I don't think we can change existing map APIs anymore, unfortunately.

>
> >> Or use inner_map_fd since there is no possibility of having an inner map in bloomfilter.
> >> It could be a union:
> >>      __u32   max_entries;    /* max number of entries in a map */
> >>      __u32   map_flags;      /* BPF_MAP_CREATE related
> >>                               * flags defined above.
> >>                               */
> >>      union {
> >>         __u32  inner_map_fd;   /* fd pointing to the inner map */
> >>         __u32  nr_hash_funcs;  /* or number of hash functions */
> >>      };
> > This works as well. A bit more Bloom filter-only terminology
> > throughout UAPI and libbpf, but I'd be fine with that as well.
> >
> Great, it looks like this is the consensus - I will go with this option
> for v3!
> >>      __u32   numa_node;      /* numa node */
> >>
> >>> +struct bpf_bloom_filter {
> >>> +     struct bpf_map map;
> >>> +     u32 bit_array_mask;
> >>> +     u32 hash_seed;
> >>> +     /* If the size of the values in the bloom filter is u32 aligned,
> >>> +      * then it is more performant to use jhash2 as the underlying hash
> >>> +      * function, else we use jhash. This tracks the number of u32s
> >>> +      * in an u32-aligned value size. If the value size is not u32 aligned,
> >>> +      * this will be 0.
> >>> +      */
> >>> +     u32 aligned_u32_count;
> >> what is the performance difference?
> >> May be we enforce 4-byte sized value for simplicity?

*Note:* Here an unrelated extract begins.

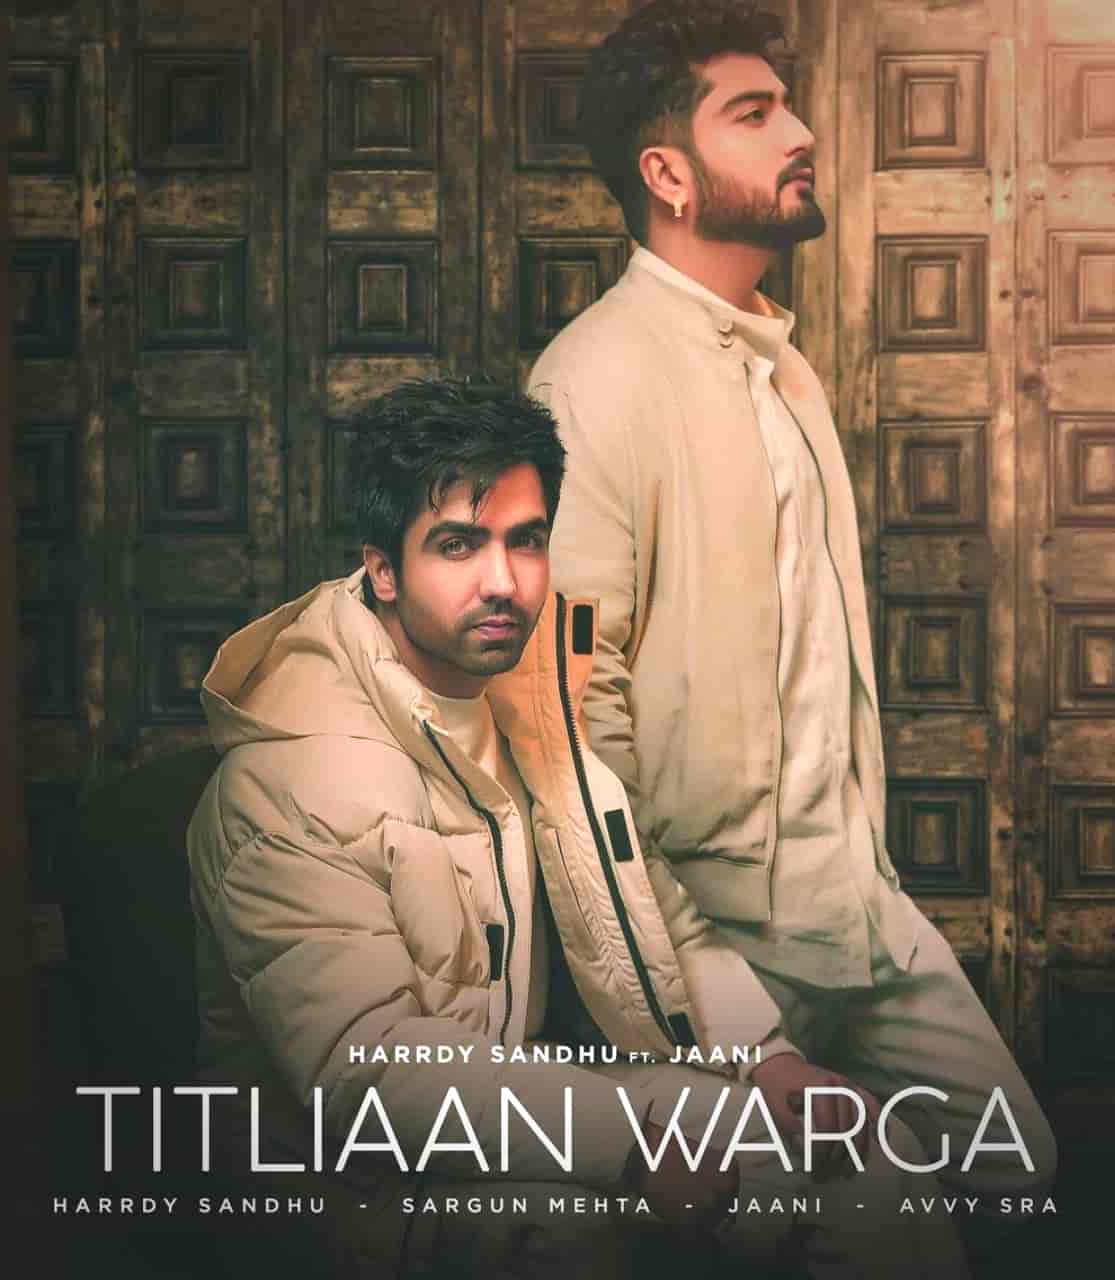 Titliaan Warga Punjabi Song Image Features Harrdy Sandhu, Jaani And Sargun Mehta
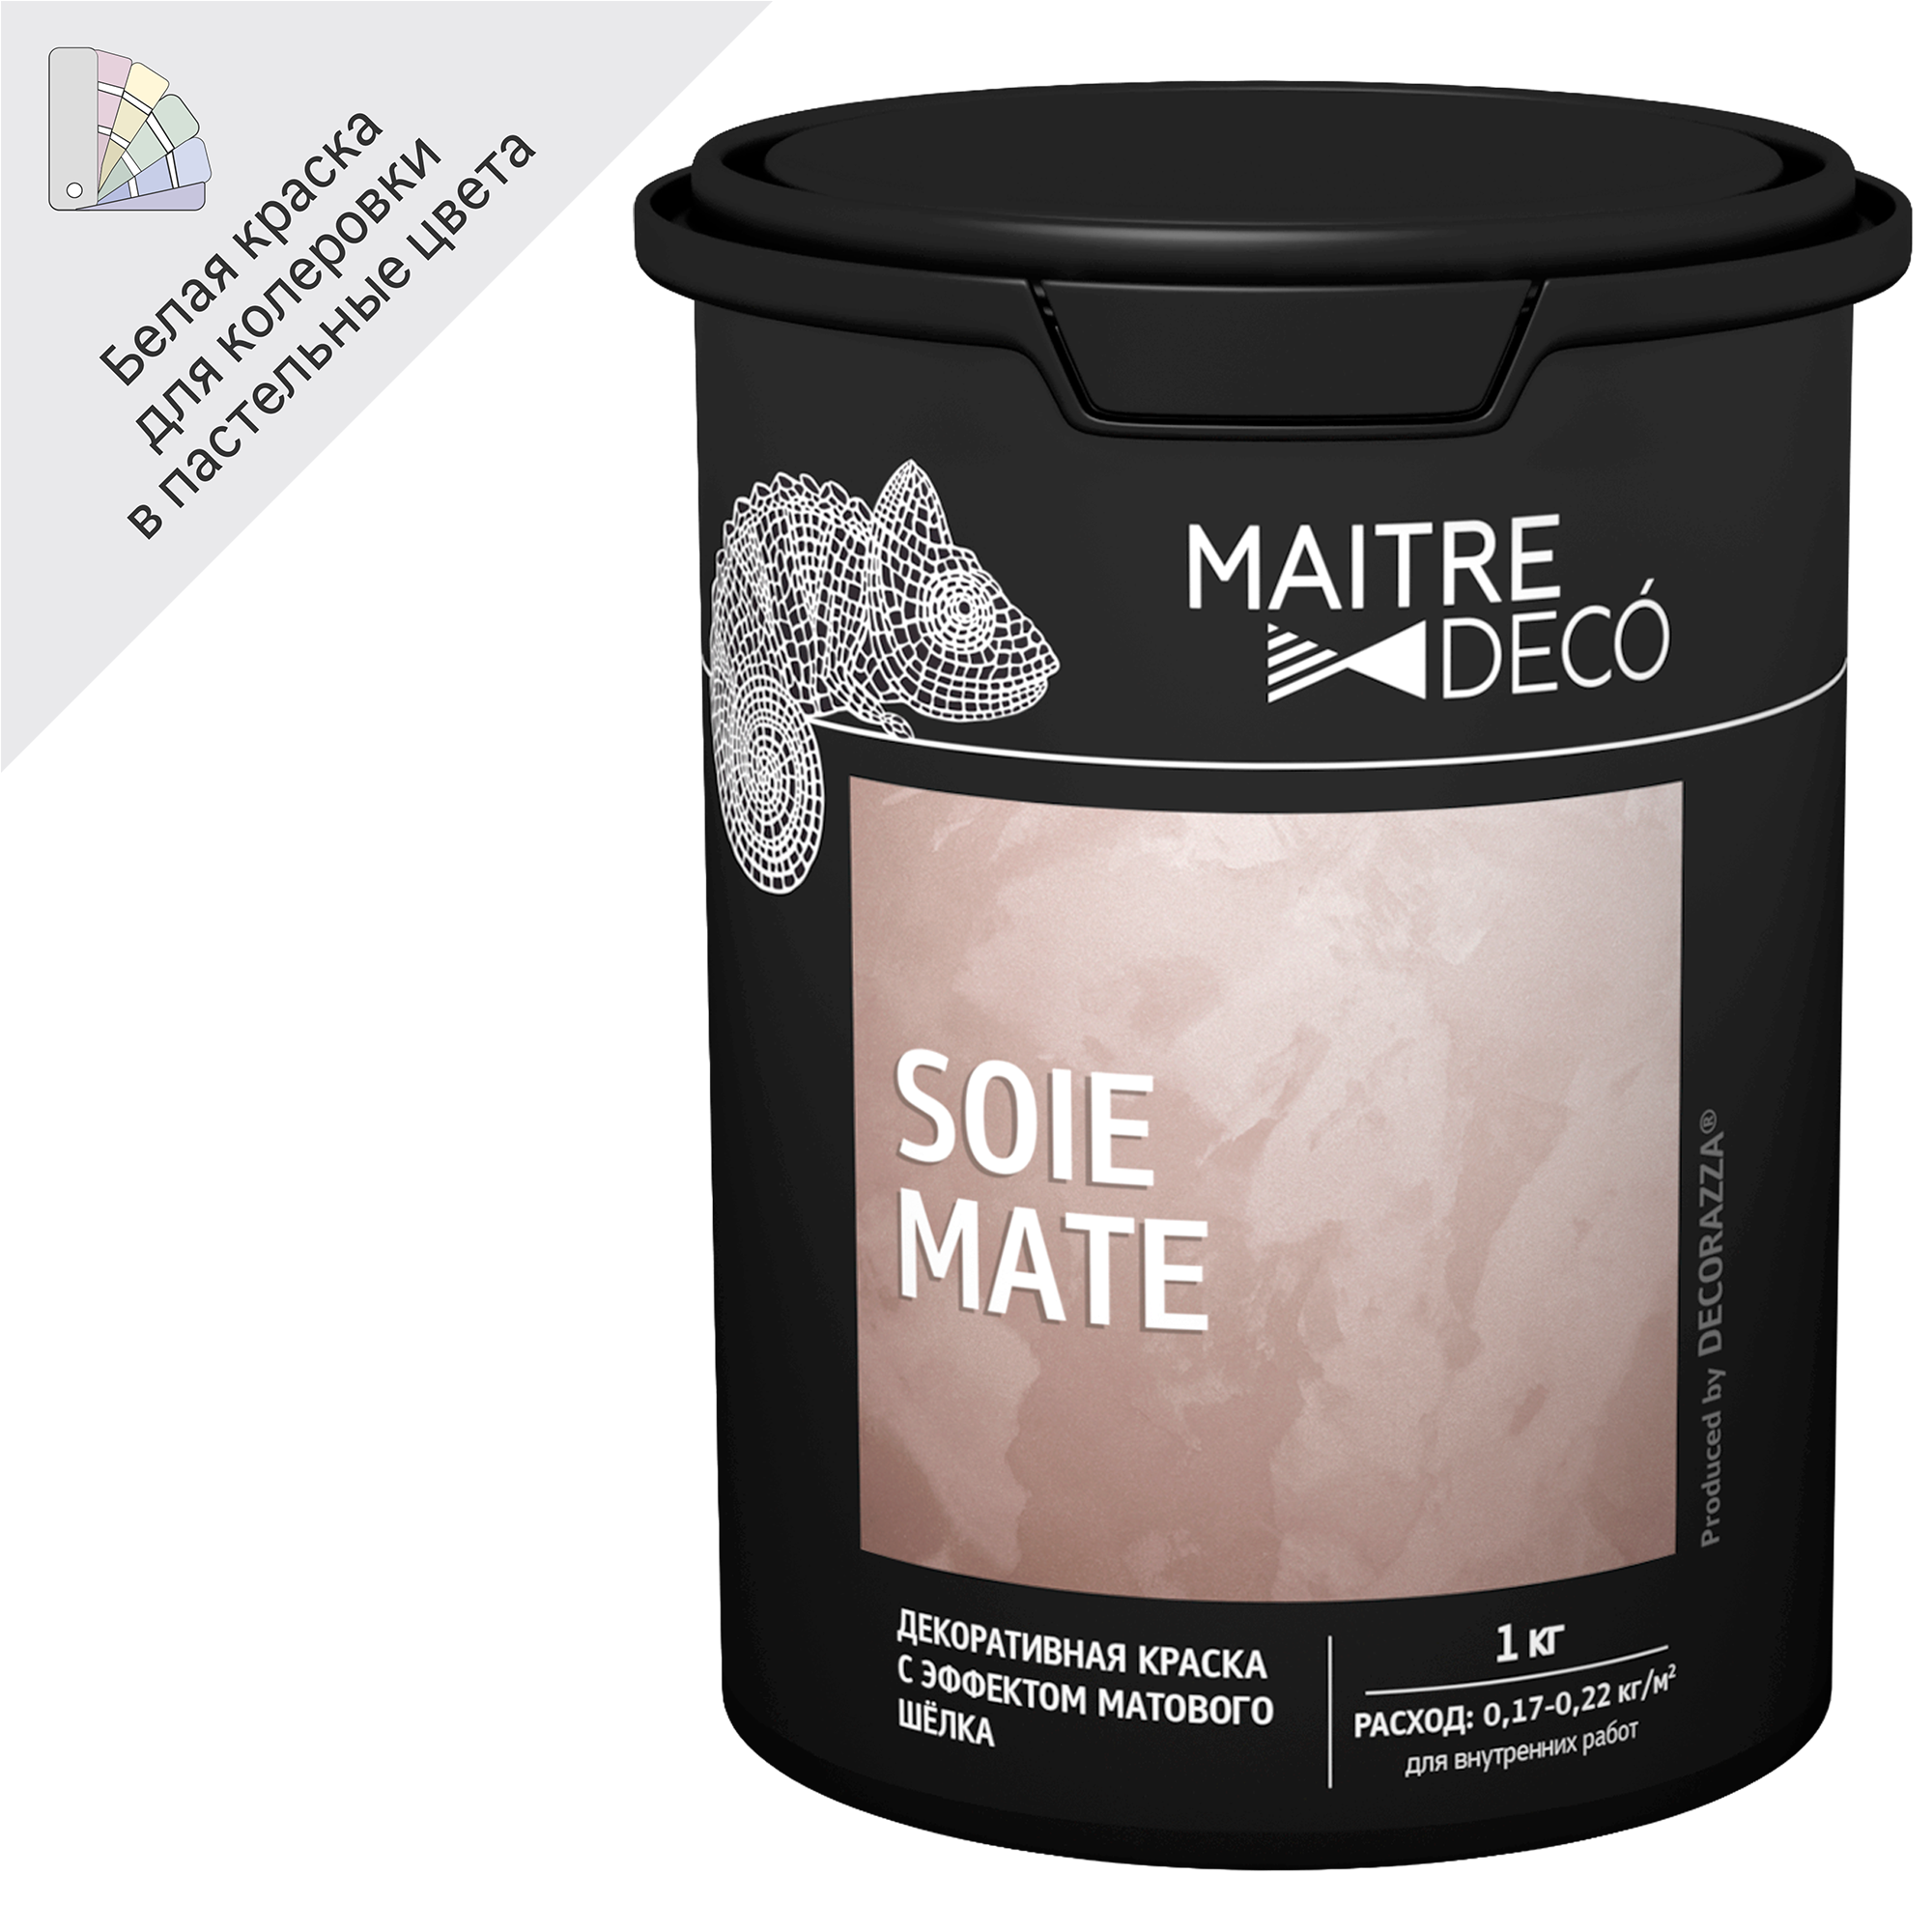 89149808 Краска декоративная Soie Mate 1 кг цвет белый STLM-0079136 MAITRE DECO

> > This might be a bit too surprising, especially if keys are just some
> > strings, where people might not expect that it has to 4-byte multiple
> > size. And debugging this without extra tooling (like retsnoop) is
> > going to be nightmarish.
> >
> > If the performance diff is huge and that if/else logic is
> > unacceptable, we can also internally pad with up to 3 zero bytes and
> > include those into the hash.
> I think the if/else logic is unavoidable if we support non 4-byte
> aligned value sizes,
> unless we are okay with truncating any remainder bytes of non 4-byte
> aligned values
> and stipulating that a bloom filter map value size has to be greater
> than 4 bytes (these
> conditions would allow us to use jhash2 for every value without an
> if/else check). If we
> internally pad, we will have to pad on every update and lookup, which
> would also
> require an if/else.
> Thanks for the comments and reviews, Alexei and Andrii. They are much
> appreciated!

I don't think truncation is an option. And I also forgot that we don't
really store values, so there is nothing to pad, really. So yeah, I'd
keep it as is, especially if that is not expensive (which I assume
it's not). As I mentioned before, that logic can be encapsulated in a
dedicated helper function and reused in a few places.